Mrs. Lightfoot accepted the rebuke with meekness.
"Had I done so, I should certainly have proved myself to be a fool," she returned with grim humour, "but since you have fully decided that you prefer to be miserable, I shall take you with me tomorrow when I go for Dan."
But on the morrow the old lady did not leave her bed, and the doctor, who came with his saddlebags from Leicesterburg, glanced her over and ordered "perfect repose of mind and body" before he drank his julep and rode away.
"Perfect repose, indeed!" scoffed his patient, from behind her curtains, when the visit was over. "Why, the idiot might as well have ordered me a mustard plaster. If he thinks there's any 'repose' in being married to Mr.

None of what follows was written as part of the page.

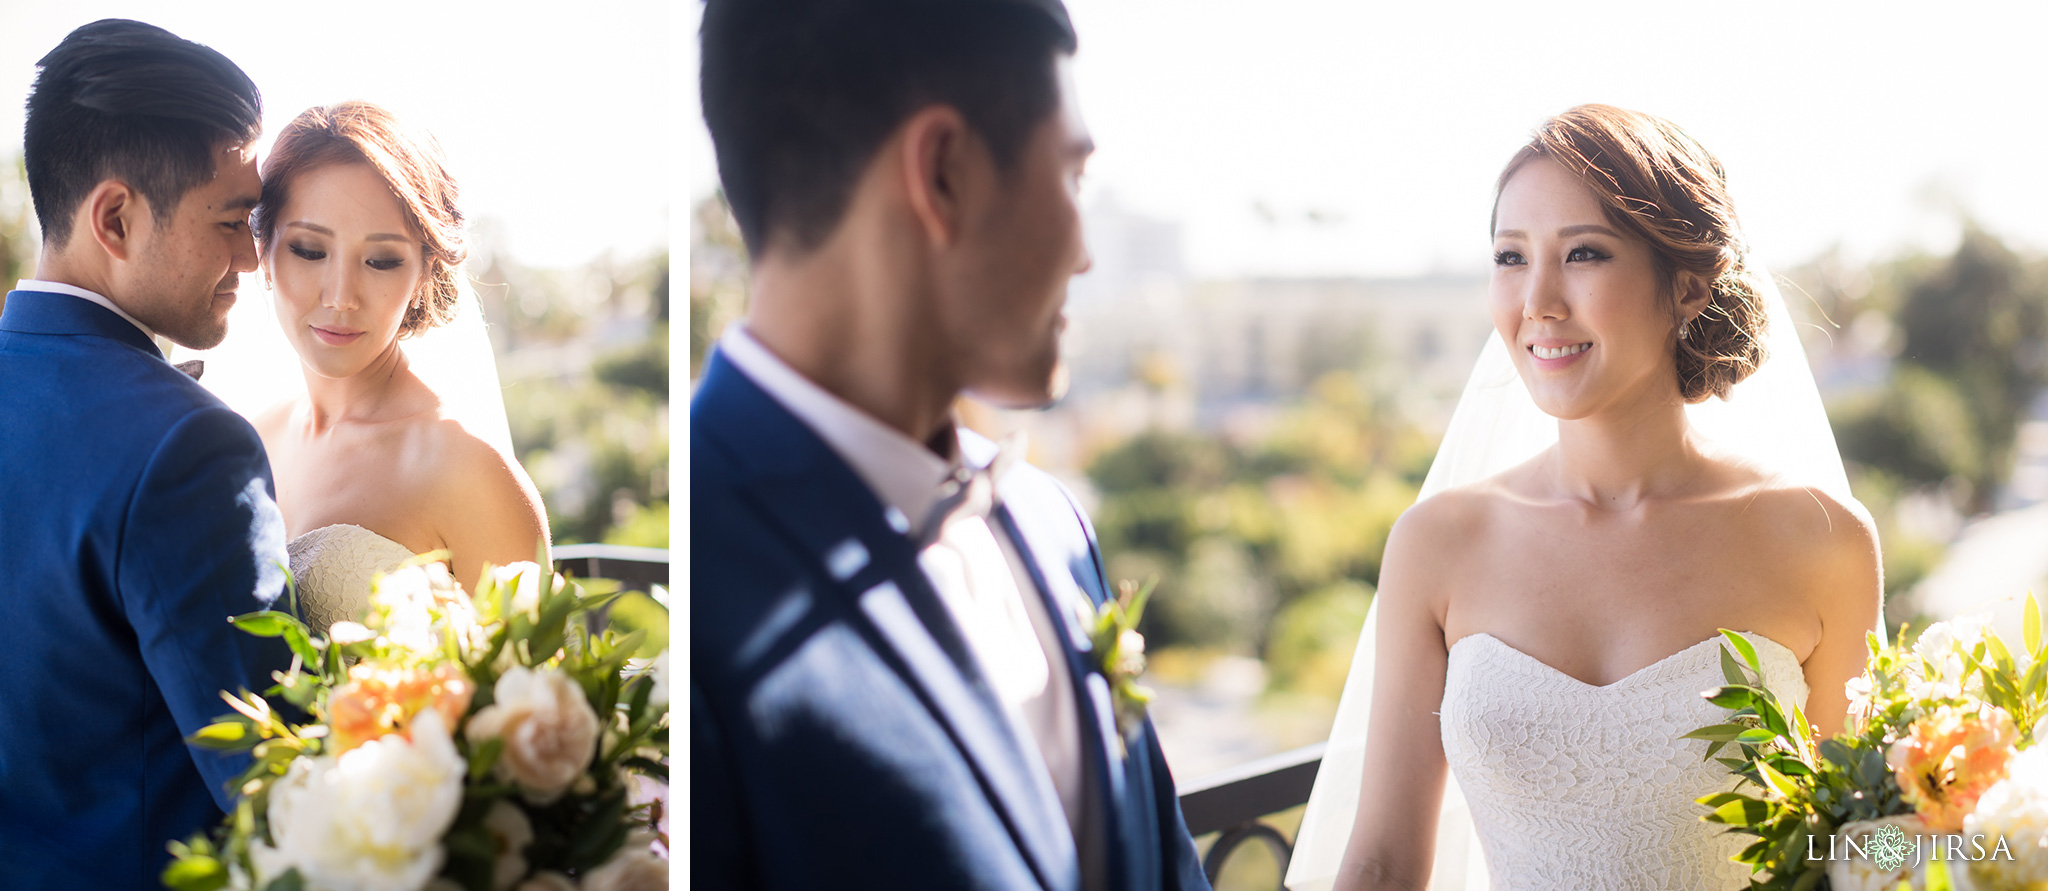 16 The London West Hollywood Wedding Photography

Lightfoot, I'd be very glad to have him try it for a week."
Betty made no response, for her throat was strained and aching; but in a moment Mrs. Lightfoot called her to her bedside and patted her upon the arm.
"We'll go next week, child," she said gently. "When you have been married as long as I have been, you will know that a week the more or the less of a man's society makes very little difference in the long run."
And the next week they went. On a ripe October day, when the earth was all red and gold, the coach was brought out into the drive, and Mrs. Lightfoot came down, leaning upon Champe and Betty.
The Major was reading his Horace in the library, and though he heard the new pair of roans pawing on the gravel, he gave no sign of displeasure. His age had oppressed him in the last few days, and he carried stains, like spilled wine, on his cheeks. He could not ease his swollen heart by outbursts of anger, and the sensitiveness of his temper warned off the sympathy which he was too proud to unbend and seek. So he sat and stared at the unturned Latin page, and the hand he raised to his throat trembled slightly in the air.
Outside, Betty, in her most becoming bonnet, with her blue barege shawl over her soft white gown, wrapped Mrs. Lightfoot in woollen robes, and fluttered nervously when the old lady remembered that she had left her spectacles behind.
"I brought the empty case; here it is, my dear," she said, offering it to the girl. "Surely you don't intend to take me off without my gla.s.ses?"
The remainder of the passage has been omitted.